Edward had been content with this routine, content with his path in life until April 6, 1917—the day America declared war on Germany and threw itself into the Great War. He was only two months shy of his seventeenth birthday, and every day he watched his neighbors and friends enlist and go off to fight in the trenches for the glory and honor of their country. And oh, how he wished he was one of them. He brought the subject up numerous times, but Elizabeth Masen forbade it—over her dead body would her only child go off to war while he was under her roof. Edward tried to get his father's permission, but Edward Masen, Sr. would not go against his wife's wishes.

And so Edward waited. He stuck to his routine, though he was much less vigorous than before. In March of 1918, though, a new worry made itself known in the Masen household. From Kansas and New York, there came reports of a strain of influenza so virulent it could kill a perfectly healthy man in a day. By the time Edward's seventeenth birthday came around, it was normal to hear the little girls skip rope to a poem about a little bird:

I had a little bird,

Its name was Enza.

I opened the window,

and in-flew-Enza.

But Edward had little concern for it. The draft age had been lowered to eighteen, and he certainly knew looked it. He planned to enlist at the end of September, regardless of his mother's decree.


That September day started like any other. But by noon, his father had taken ill. It was his mother's worst nightmare come true...the Spanish influenza had found them. They'd been so careful, wearing the masks and taking every other precaution they could think of. But it was to no avail.

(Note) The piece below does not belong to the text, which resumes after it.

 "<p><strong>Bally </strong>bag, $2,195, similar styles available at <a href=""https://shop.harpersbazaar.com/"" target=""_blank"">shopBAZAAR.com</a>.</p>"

Edward knew his mother was terrified. And he was worried for her. From the moment his father was taken to the hospital, his mother had been by his side. It was only a matter of time before she fell ill. And Edward simply would not allow it. He went to bring his mother home, and saw her speaking with a tall, blond-haired man. The doctor. His mother's face seemed to fall as he spoke, and she looked ill herself, but she refused to leave. And so, Edward stayed with her. He didn't want to leave her alone.


He was groggy, and every inch of his body ached like he'd been run over by a freight train. And despite the wool blanket he was swathed in, he was freezing. But why was the wind whistling in his ears, and why did he feel as though he were flying? Was this what it was to die? Of course...that would be rational.

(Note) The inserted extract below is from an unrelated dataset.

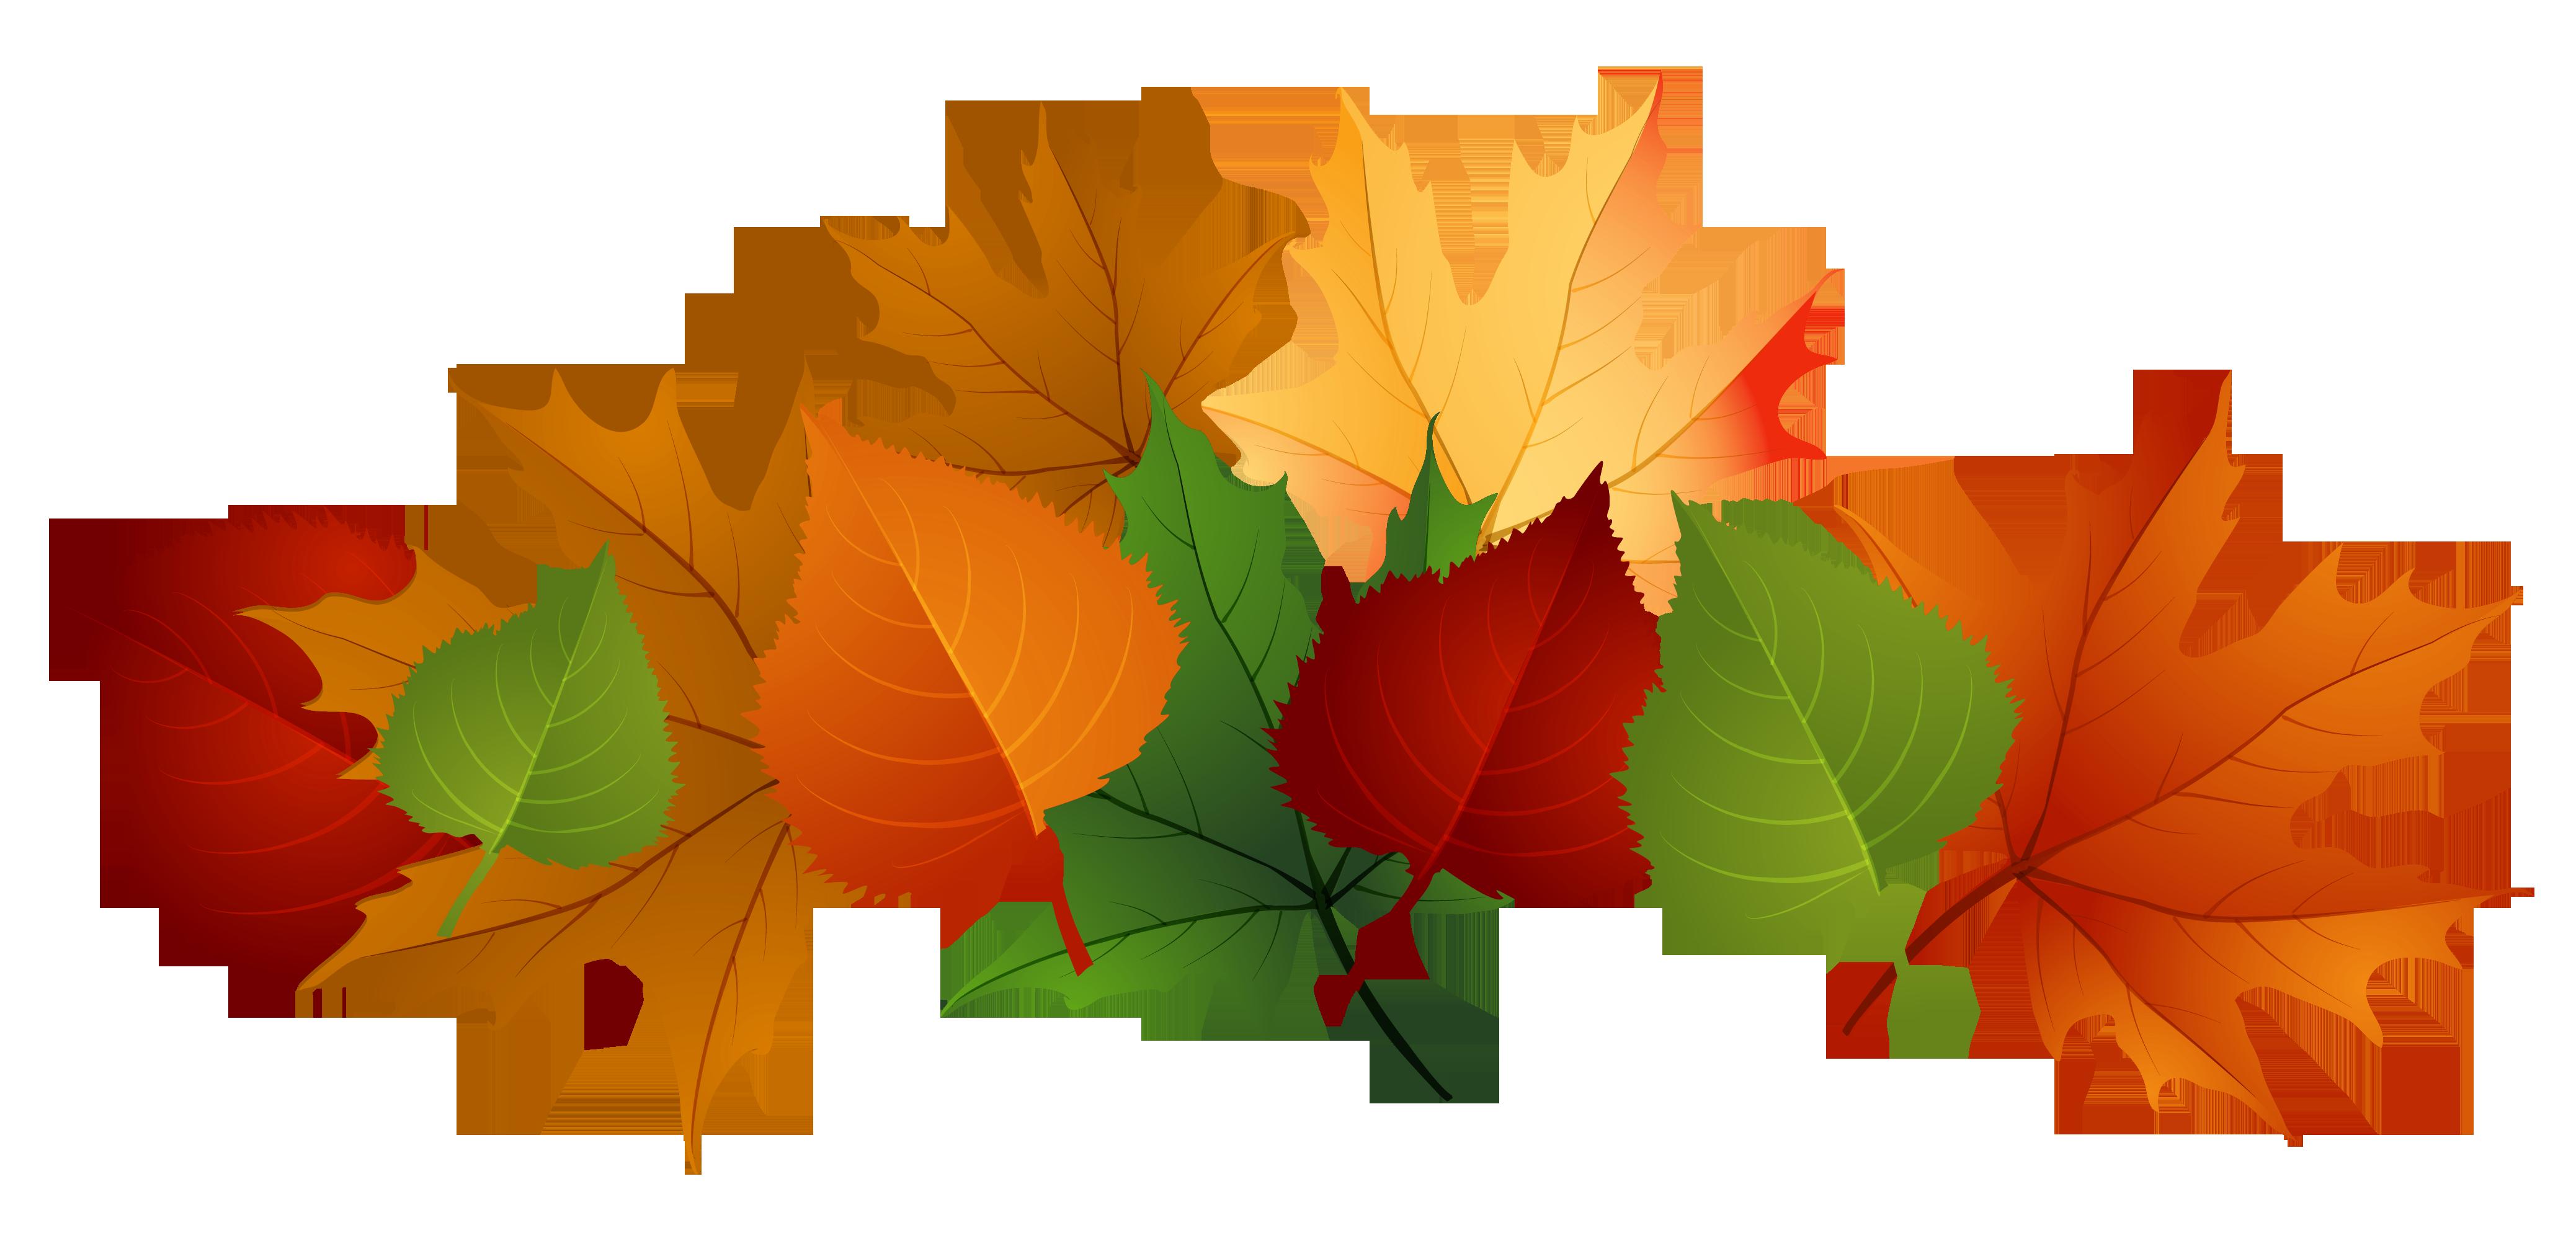 Autumn Leaves Pile Clip Art Fall Leaves -Autumn Leaves Pile Clip Art Fall Leaves Png Picture-1

As soon as he came to this conclusion, however, the feeling of flying stopped. He was on a bed. It was soft and warm. A cold hand brushed the hair that was stuck to his sweaty forehead aside, and he heard the voice of an angel. So he was dying. But why did that voice sound so familiar?

"Edward...everything will be alright. I'm sorry."

If everything is all right, why are you apologizing?

Then he felt a slicing at his neck, his wrists, his ankles. Before he could register why, the burning took hold, and he screamed.


Sometimes the memories came back in flashes. Especially when he was with Bella. Somehow, it got a little clearer. And he liked that.


A/N--So school has kicked my butt and then some, which is why it's been three months since I've updated. I promise it won't take me nearly as long to get the next one-shot (which will be Esme) out. Anywho, here's Edward's chapter. It's a different style than Carlilse's, but it works. 8) Please, review and let me know what you think! Oreo truffles and a chocolate-covered Edward for everyone who does!

=Britt.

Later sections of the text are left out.